**Exercise objective**
Bring together all lines of the material below that contain the string "adjusting".

**Entries shown**
▼

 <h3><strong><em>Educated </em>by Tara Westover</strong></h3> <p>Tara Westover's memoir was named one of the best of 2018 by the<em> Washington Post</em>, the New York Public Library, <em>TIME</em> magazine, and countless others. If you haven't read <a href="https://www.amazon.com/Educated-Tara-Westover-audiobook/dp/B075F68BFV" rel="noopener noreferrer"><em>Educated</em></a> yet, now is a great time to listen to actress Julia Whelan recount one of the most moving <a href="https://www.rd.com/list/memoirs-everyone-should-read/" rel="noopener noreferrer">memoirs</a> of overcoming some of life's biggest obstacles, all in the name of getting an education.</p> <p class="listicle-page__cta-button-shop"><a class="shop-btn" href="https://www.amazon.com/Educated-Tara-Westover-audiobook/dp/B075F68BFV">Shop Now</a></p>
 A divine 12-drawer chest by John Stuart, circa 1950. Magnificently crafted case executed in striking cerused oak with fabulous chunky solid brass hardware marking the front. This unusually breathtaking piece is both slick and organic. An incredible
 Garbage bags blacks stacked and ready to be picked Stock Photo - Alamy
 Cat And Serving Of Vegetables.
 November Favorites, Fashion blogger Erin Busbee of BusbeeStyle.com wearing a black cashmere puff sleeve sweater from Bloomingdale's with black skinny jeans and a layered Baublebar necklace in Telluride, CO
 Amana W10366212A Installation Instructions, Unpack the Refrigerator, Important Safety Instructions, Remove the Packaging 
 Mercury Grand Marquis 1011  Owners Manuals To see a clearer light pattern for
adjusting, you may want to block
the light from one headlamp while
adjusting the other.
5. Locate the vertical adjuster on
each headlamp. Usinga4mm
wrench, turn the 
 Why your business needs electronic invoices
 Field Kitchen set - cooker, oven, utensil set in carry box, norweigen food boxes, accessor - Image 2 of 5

▲

**Your solution**
adjusting, you may want to block
adjusting the other.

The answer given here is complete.